Tricky pattern matching of a binary string in Erlang - erlang

I am using Erlang to send message between an email server and Spamassassin.
What I want to achieve is retrieving the tests done by SA to generate a report (I am doing some kind of mail-tester program)

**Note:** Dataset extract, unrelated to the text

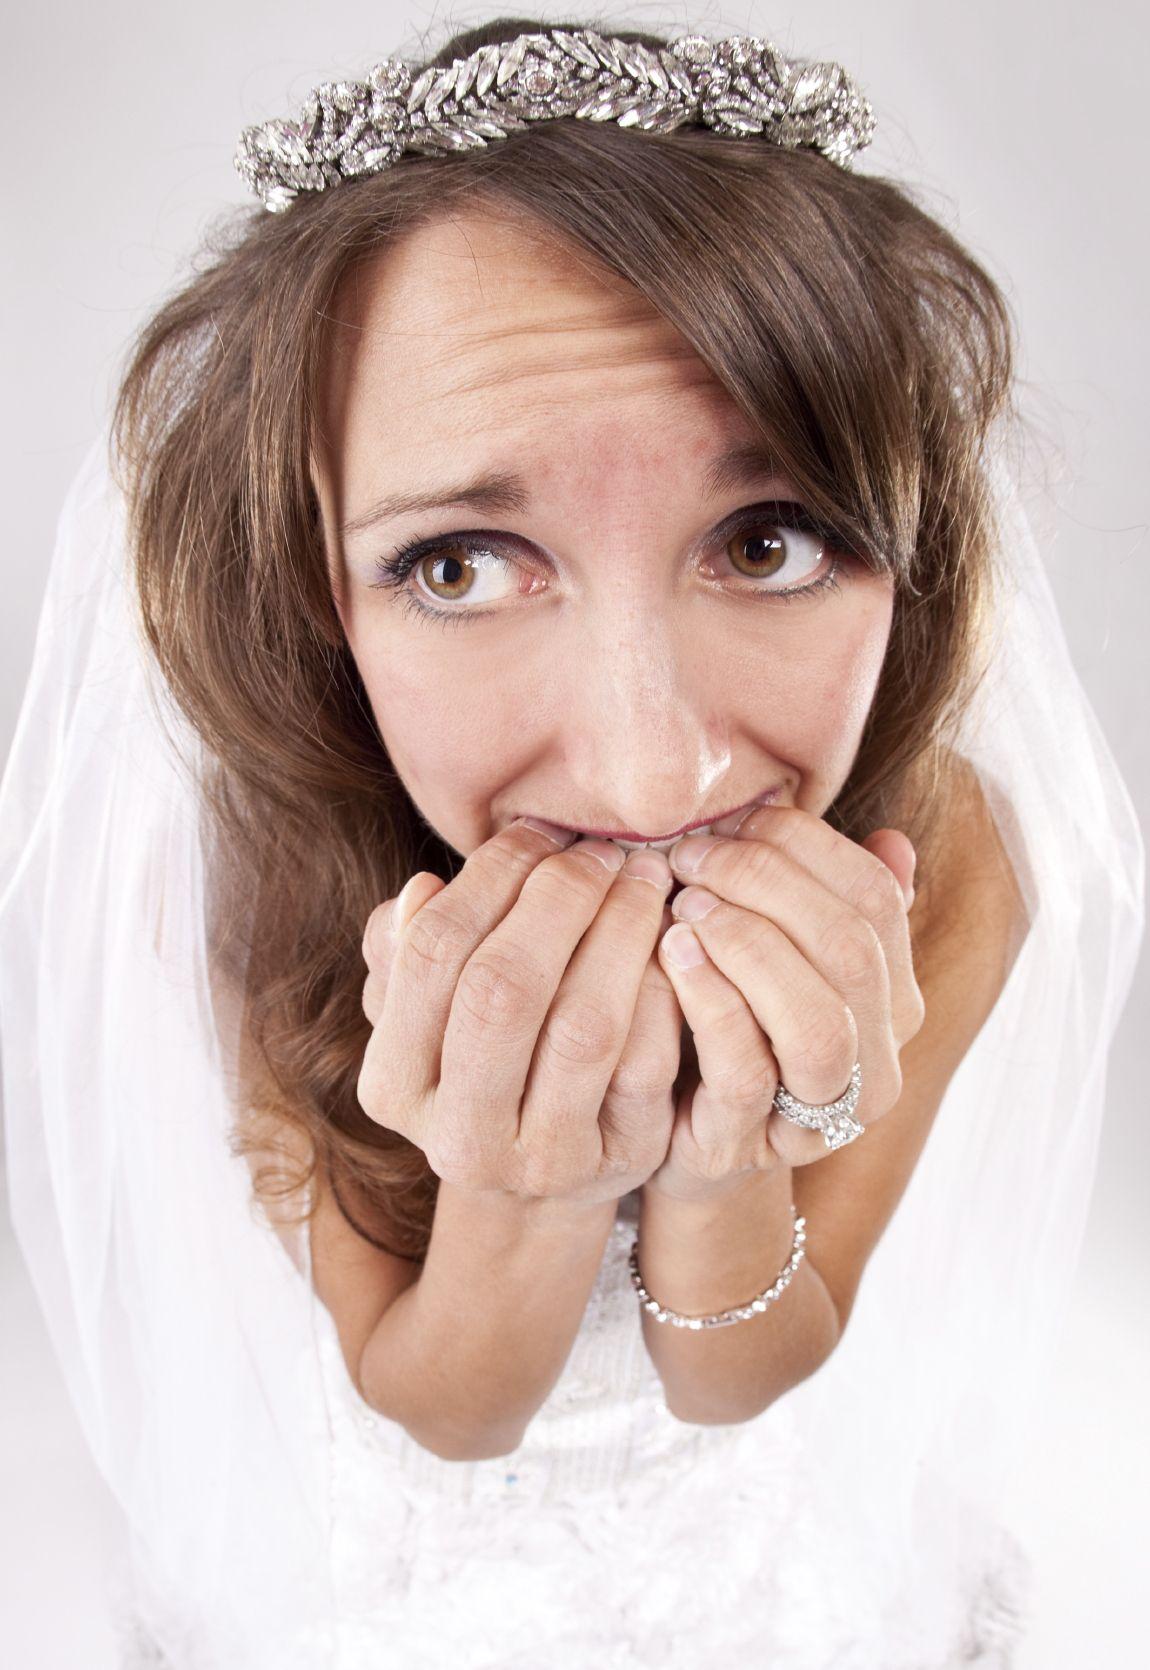 How Much Does a Wedding DJ Cost? Wedding dj, Wedding

When SpamAssassin answers (through raw TCP) it sends a binary string like this one:
<<"SPAMD/1.1 0 EX_OK\r\nContent-length: 728\r\nSpam: True ; 6.3 / 5.0\r\n\r\nReceived: from localhost by debpub1.cs2cloud.internal\r\n\twith SpamAssassin (version 3.4.2);\r\n\tSat, 04 Jan 2020 18:24:37 +0100\r\nFrom: bibi <bibi#XXXXX.local>\r\nTo: <aZphki8N05#XXXXXXXX>\r\nSubject: i\r\nDate: Sat, 4 Jan 2020 18:24:36 +0100\r\nMessage-Id: <3b68dede-f1c3-4f04-62dc-f0b2de6e980a#PPPPPP.local>\r\nX-Spam-Checker-Version: SpamAssassin 3.4.2 (2018-09-13) on\r\n\tdebpub1.cs2cloud.internal\r\nX-Spam-Flag: YES\r\nX-Spam-Level: ******\r\nX-Spam-Status: Yes, score=6.3 required=5.0 tests=BODY_SINGLE_WORD,\r\n\tDKIM_ADSP_NXDOMAIN,DOS_RCVD_IP_TWICE_C,HELO_MISC_IP,\r\n\tNO_FM_NAME_IP_HOSTN autolearn=no autolearn_force=no version=3.4.2\r\nMIME-Version: 1.0\r\nContent-Type: multipart/mixed; boundary=\"----------=_5E10CA56.0200B819\"\r\n\r\n">>
I put in bold the items I want to pick up:
BODY_SINGLE_WORD
DKIM_ADSP_NXDOMAIN
DOS_RCVD_IP_TWICE_C
HELO_MISC_IP
NO_FM_NAME_IP_HOSTN
I then want to serialize like that:
[<<"DKIM_ADSP_NXDOMAIN">>,<<"DOS_RCVD_IP_TWICE_C">>,…]
But that's not easy, terms have no regular "delimitors", has \r\n or \r\n\t
I give a start with that expression (splitting on ',' on a binary string) but result is incomplete
split(BinaryString, ",", all),
case lists:member(<<"HELO_MISC_IP">>, Data3 ) of
true -> ; %push the result in a database
false -> ok
end;
I wish I could take another start, and using looping through recursion (and becausee it is a clean and nice way to loop) but it looks pointless to me regarding that scenario …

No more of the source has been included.